## Dataset excerpt
=====
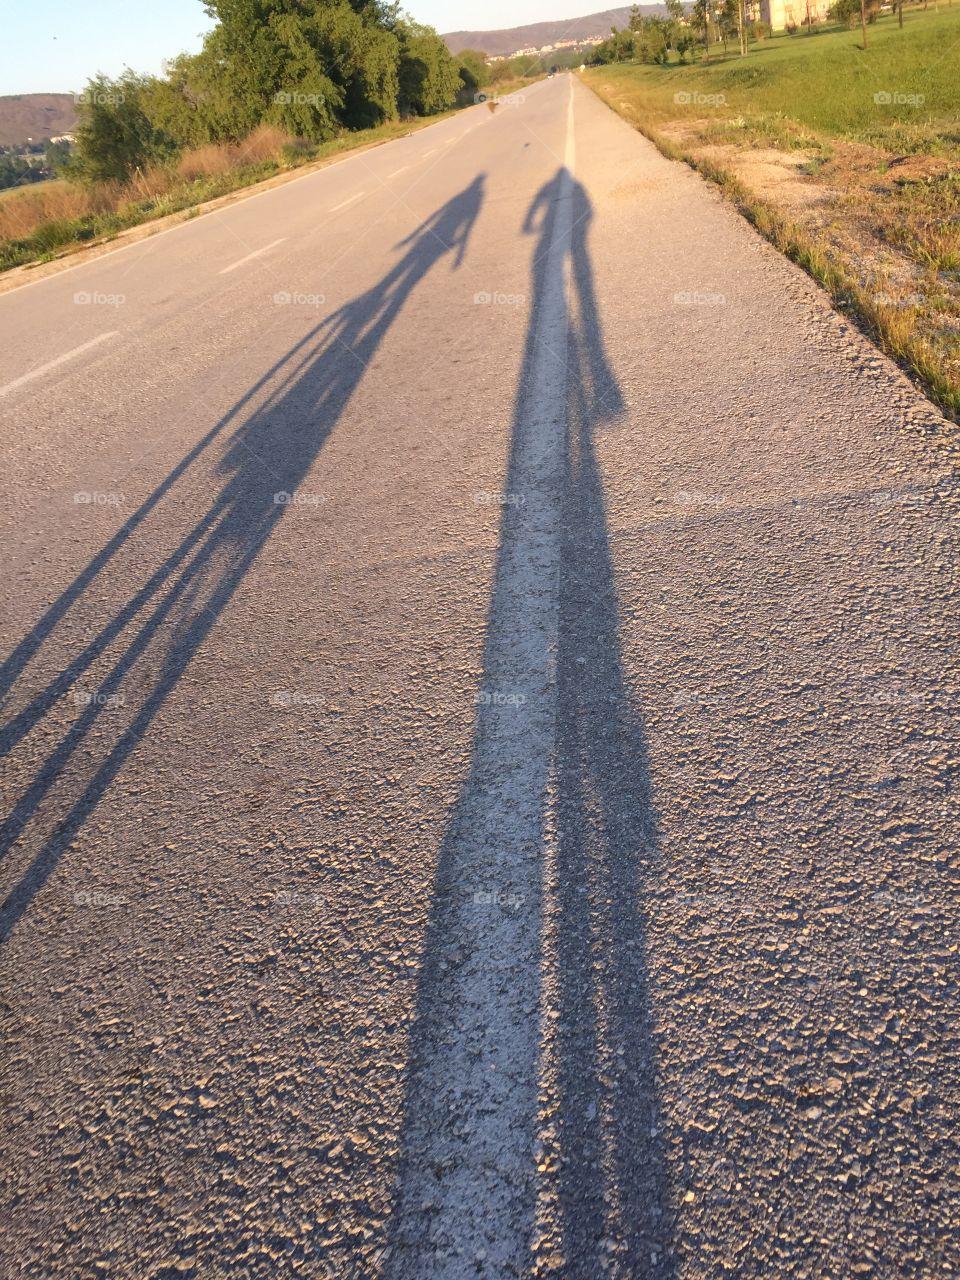 Shadows of Friendship
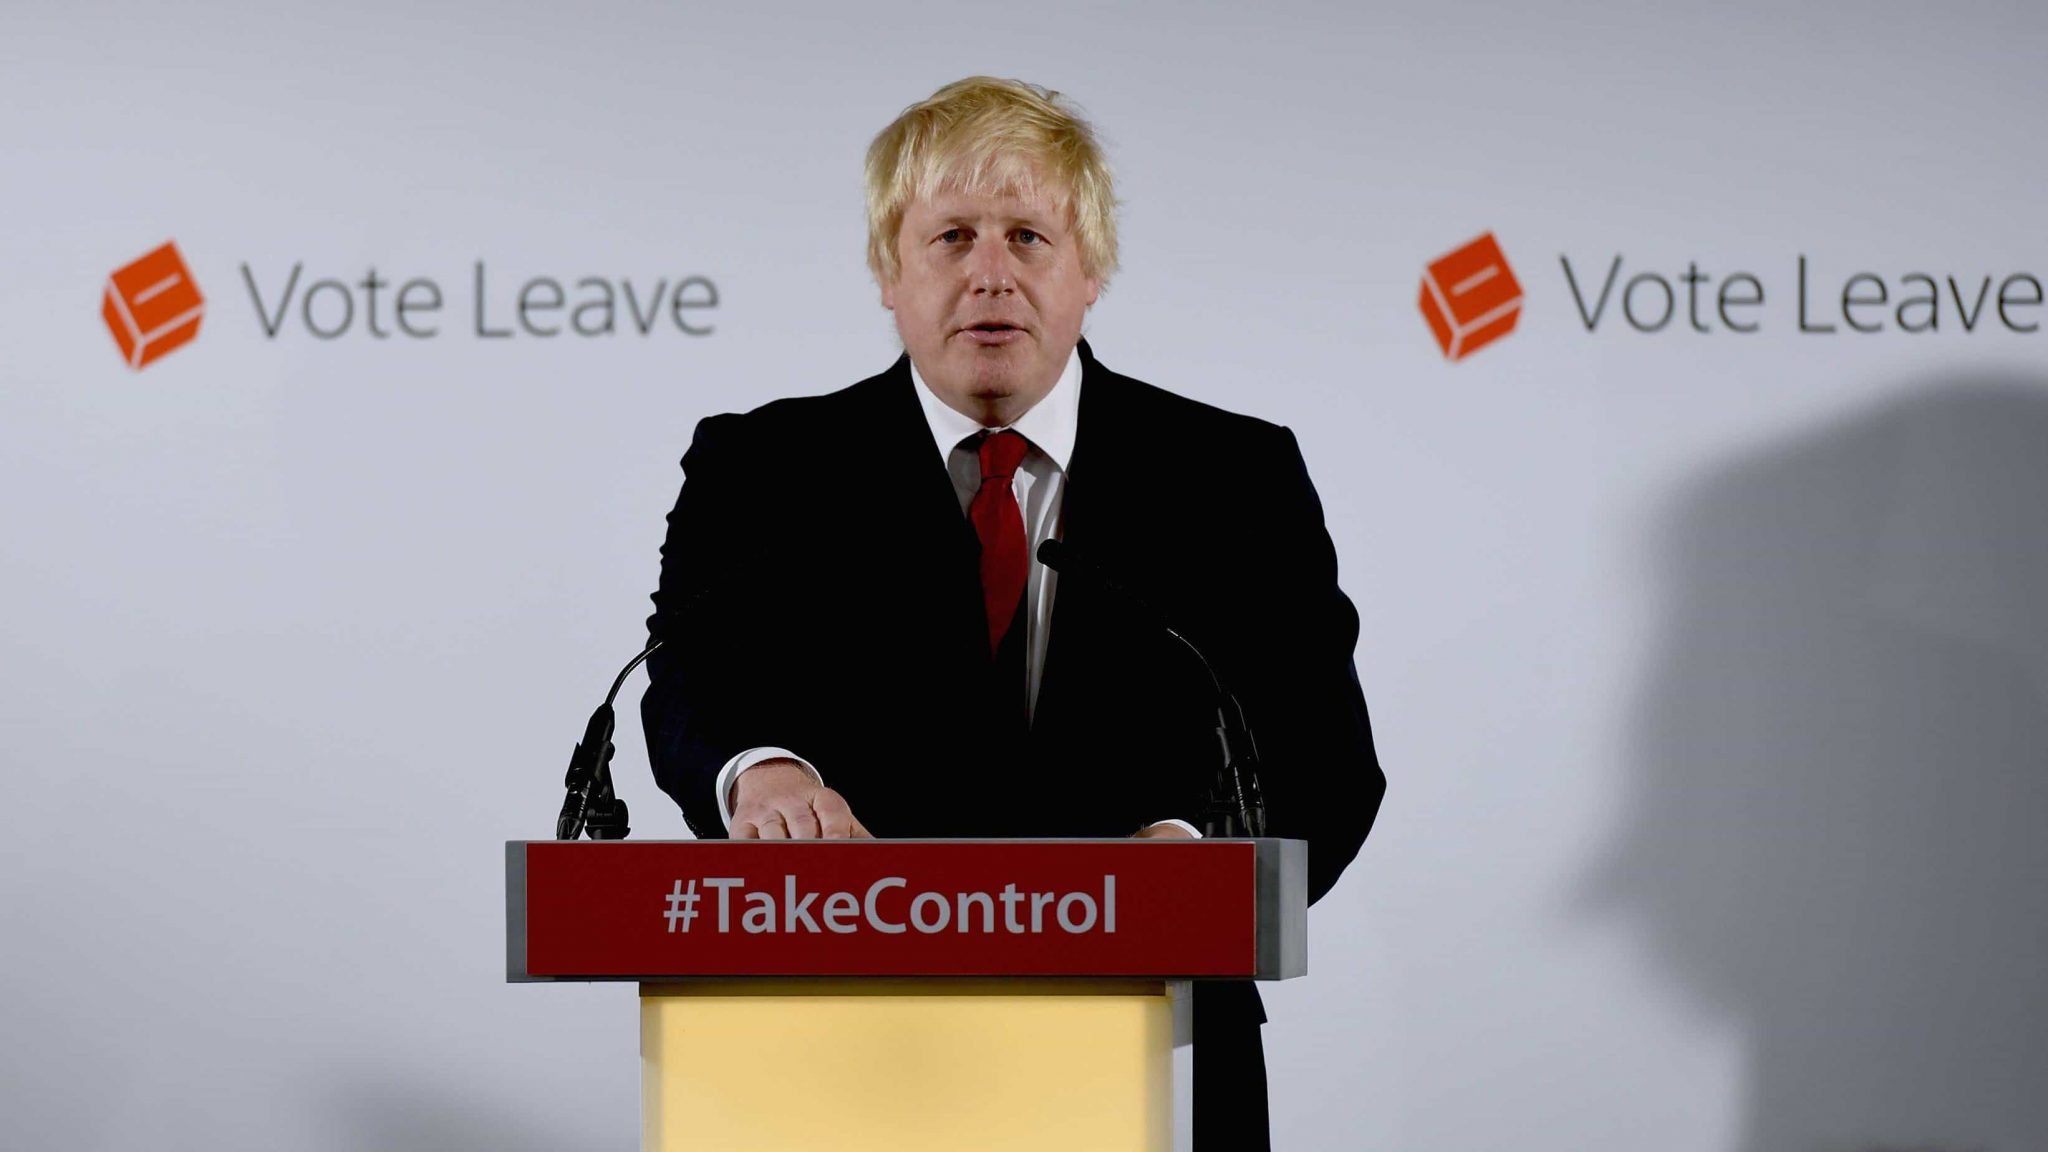 Boris Johnson campaigning for Vote Leave (PA)
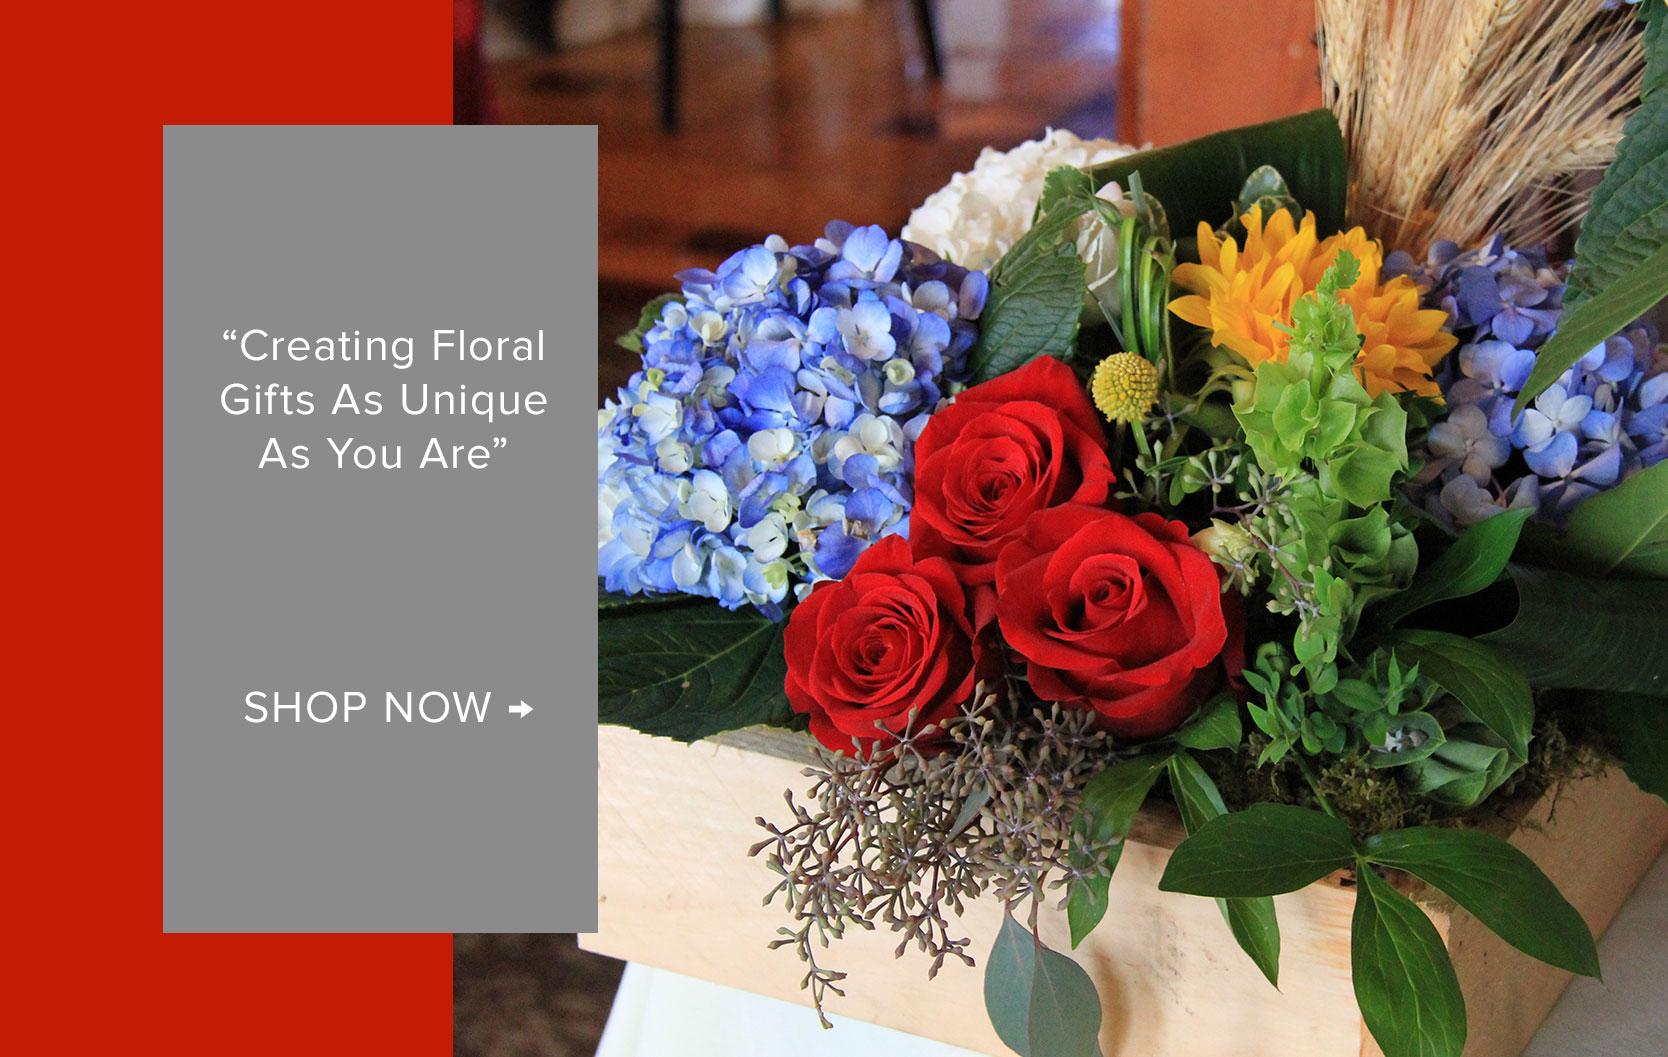 Floral images florist graphic Westford Florist | Flower Delivery by Floral Arts graphic
=====
## Goal of the exercise
Exclude the pictures and print the rest of the data exactly.

## Final answer
 Shadows of Friendship
 Boris Johnson campaigning for Vote Leave (PA)
 Floral images florist graphic Westford Florist | Flower Delivery by Floral Arts graphic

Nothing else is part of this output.